Chloroquine, a FDA-approved Drug, Prevents Zika Virus Infection and its Associated Congenital Microcephaly in Mice.

机构信息

Center for Systems Medicine, Institute of Basic Medical Sciences, Chinese Academy of Medical Sciences & Peking Union Medical College, Beijing 100005; Suzhou Institute of Systems Medicine, Suzhou, Jiangsu 215123, China; Department of Virology, State Key Laboratory of Pathogen and Biosecurity, Beijing Institute of Microbiology and Epidemiology, Beijing 100071, China.

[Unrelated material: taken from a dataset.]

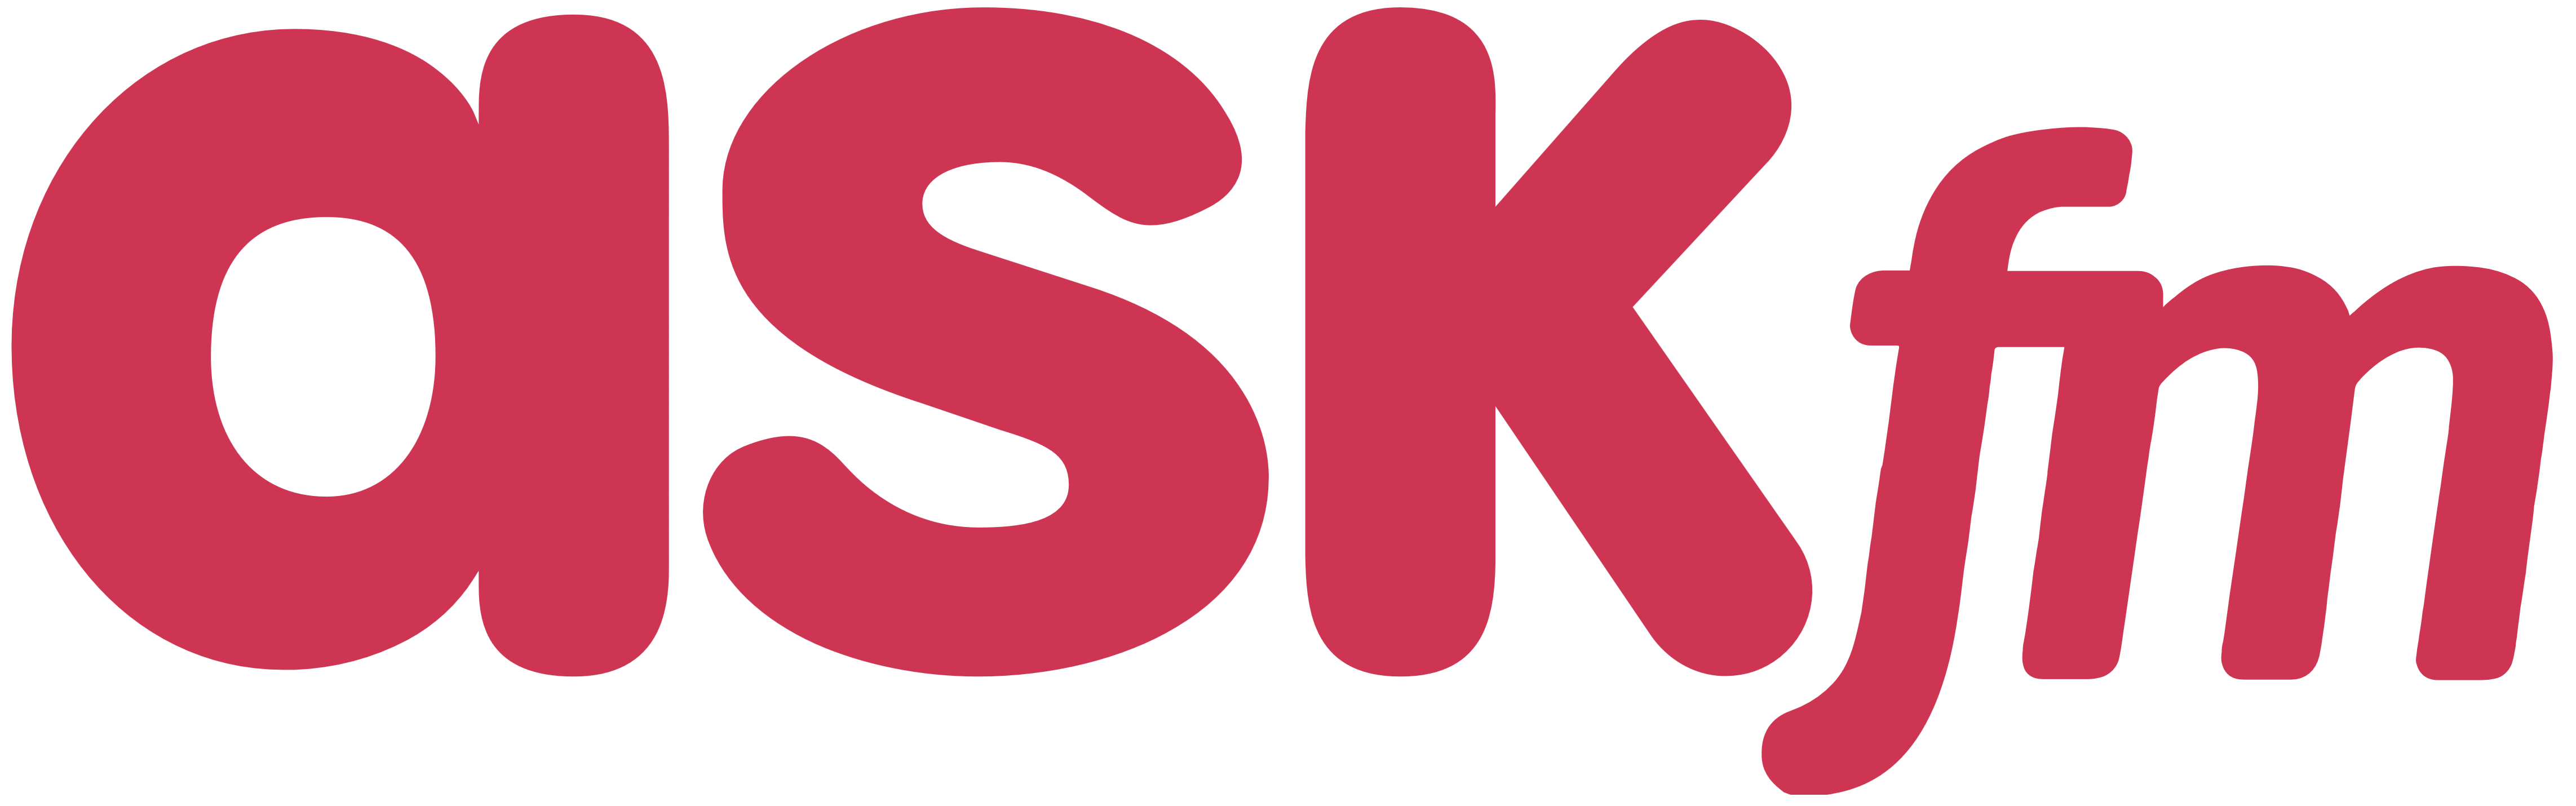 Ask.fm logo, logotype
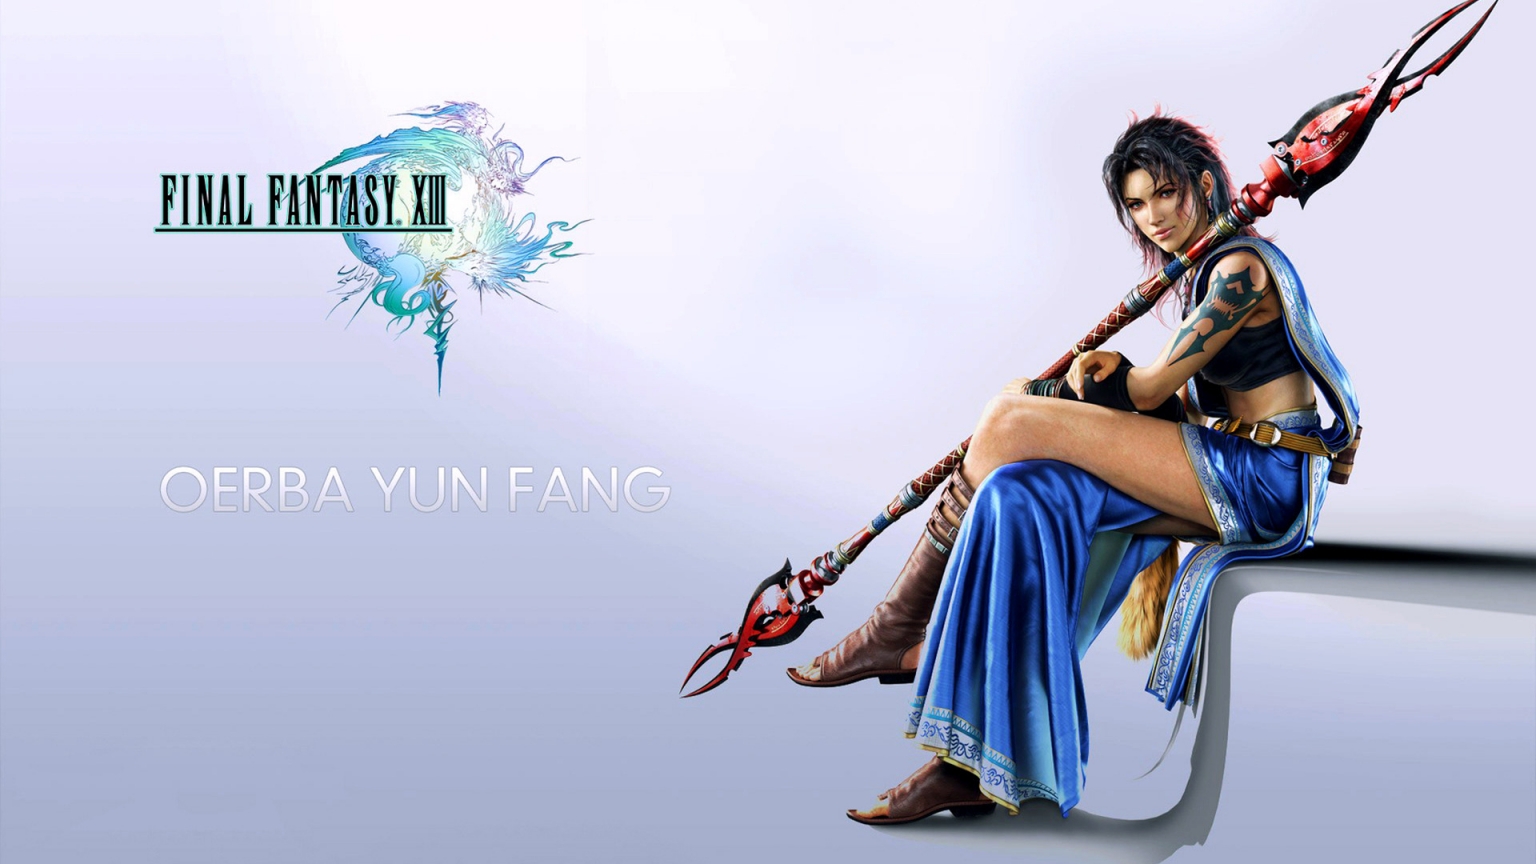 Final Fantasy XIII Oerba Yun Fang for 1536 x 864 HDTV resolution

State Key Laboratory of Molecular Developmental Biology, CAS Center for Excellence in Brain Science and Intelligence Technology, Institute of Genetics and Developmental Biology, Chinese Academy of Sciences, Beijing 100101, China.

出版信息

EBioMedicine. 2017 Oct;24:189-194. doi: 10.1016/j.ebiom.2017.09.034. Epub 2017 Sep 28.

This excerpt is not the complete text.